Las semanas que precedieron no mejoraron en nada. Tras abandonar su consulta, se pasaba el día entero recostado en el sillón de la salita mientras lloraba desconsoladamente. Por si eso fuera poco, empezaba a ver cosas. Cosas extrañas, terribles. Veía espectros por todo el recinto, espectros que guardaban similitudes con él, asemejándose a un espejo incoloro que variaba su edad.

En el umbral habitaba una niña con sus mismos rasgos, vestida con un traje de la época victoriana que no dejaba de observarlo con un aire de cierto misterio. Un susto tremendo fue el recibimiento del espectro; pero ya más calmado intentó convencerse en que era un desvarío.

Los primeros días pasaron sumidos en una sombría niebla que parecía seguirle allá donde fuera. Estaba aturdido, no salía de casa y se estremecía al ver a la chica en su entrada.
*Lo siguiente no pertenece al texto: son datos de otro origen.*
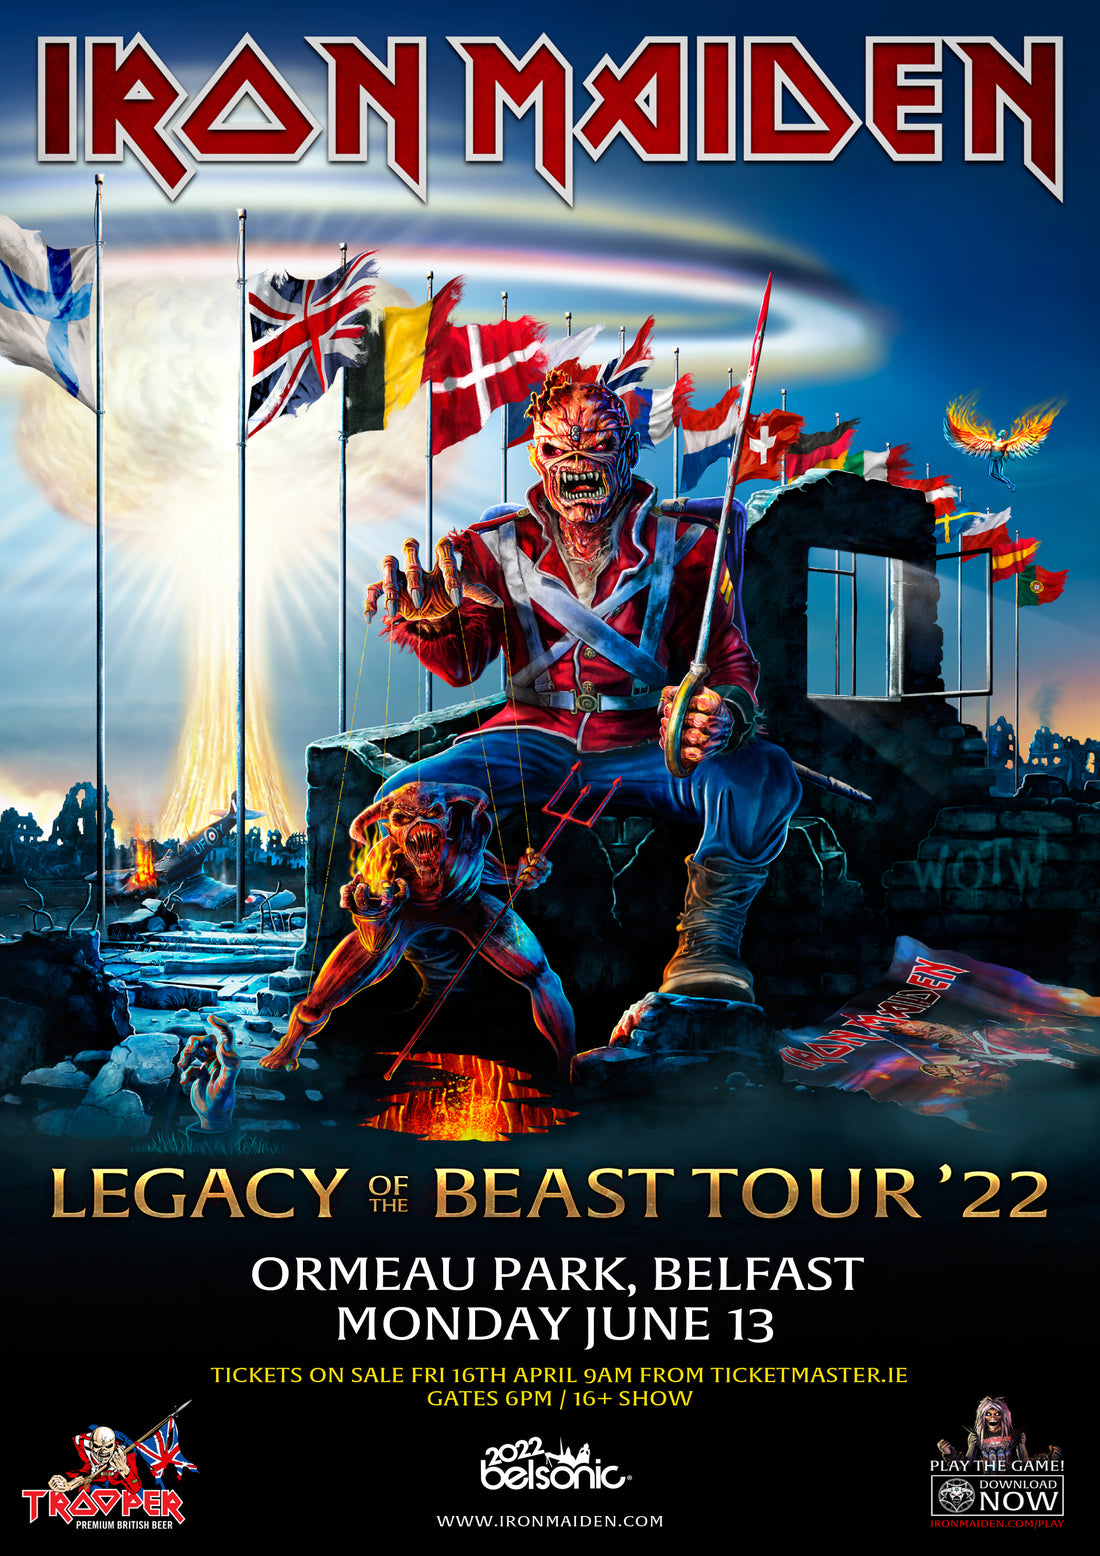 Iron Maiden to play Ormeau Park in 2022 with Belsonic show
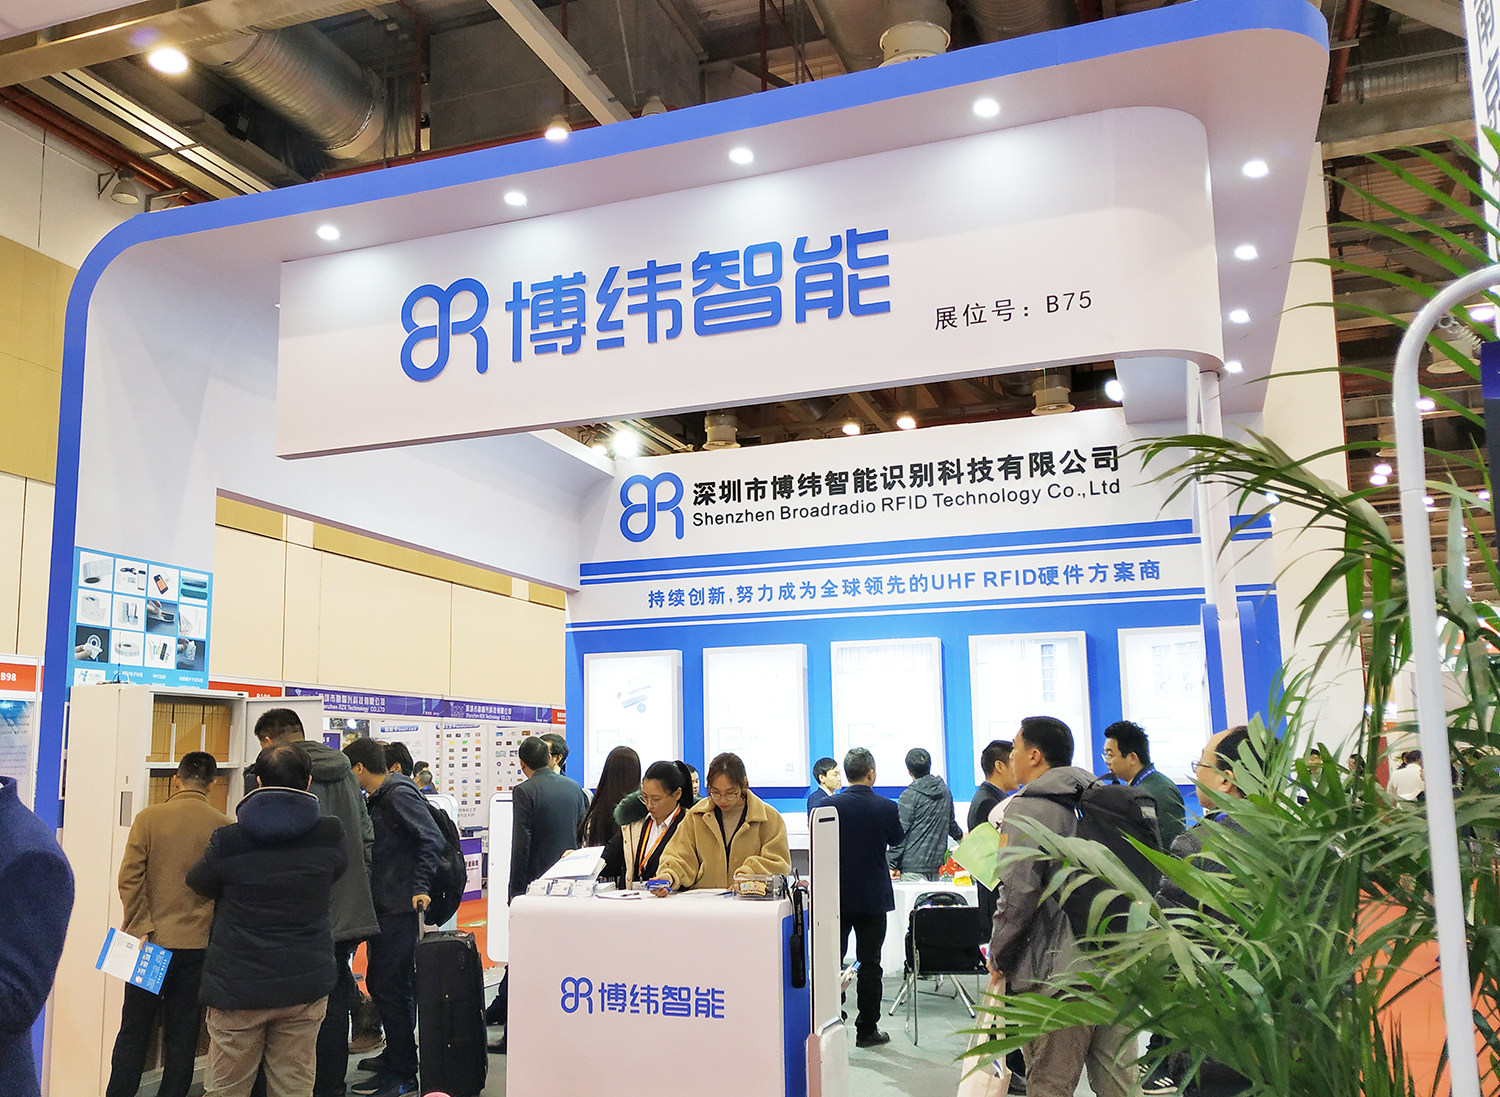 Bowei Smart IOTE 2019 11th Suzhou International Internet of Things Exhibition ended successfully

La amargura consumía su vida en una eterna desesperación y terror. Nunca se había creído capaz de ver exhalar el último aliento a una persona; pero a esas alturas no había visto a una, sino a tres personas cómo la vida le era arrancada, sin piedad, de sus manos. Se resguardaba en los llantos, el "por qué" y el "ojalá". No era capaz de asumir lo que el universo había estado guardándole veintitrés años a traición.

Hasta que, un día, el móvil suena por primera vez en meses. "Hermano" es el nombre que aparecía en la pantalla; mientras The Final Countdown sonaba como tono de alerta y Francisco se acercaba amargamente a contestar a la llamada.

–¿Si, hermano?– dijo con una sensación de remordimiento.

–Quería ver como andas. No me paso por tu casa desde el... accidente.

Los ojos del chico se empaparon de lágrimas, mientras murmuraba algo inaudible con un hilito de voz. Su hermano musitó algo del otro lado de la línea, en señal de entendimiento.

Y, tras una larga e incómoda pausa en la que ninguno de los dos hermanos se atrevió a decir nada, se oyó débilmente una oración:

–Bueno... Veo que estás tan afectado como yo. Pero, si no es molestia, hoy me gustaría pasarme por tu casa, para ver cómo vas, y... Ya entiendes.

–[...]

–Vale– dijo amargamente–. Allí nos vemos.

Y, sin más que añadir, la comunicación se cortó; dejando a Francisco con alguna que otra palabra en la boca que no había sido capaz de pronunciar, un gran peso en el estómago y, por primera vez en meses una sensación de alegría convertida en calor que le recorrió todo el cuerpo.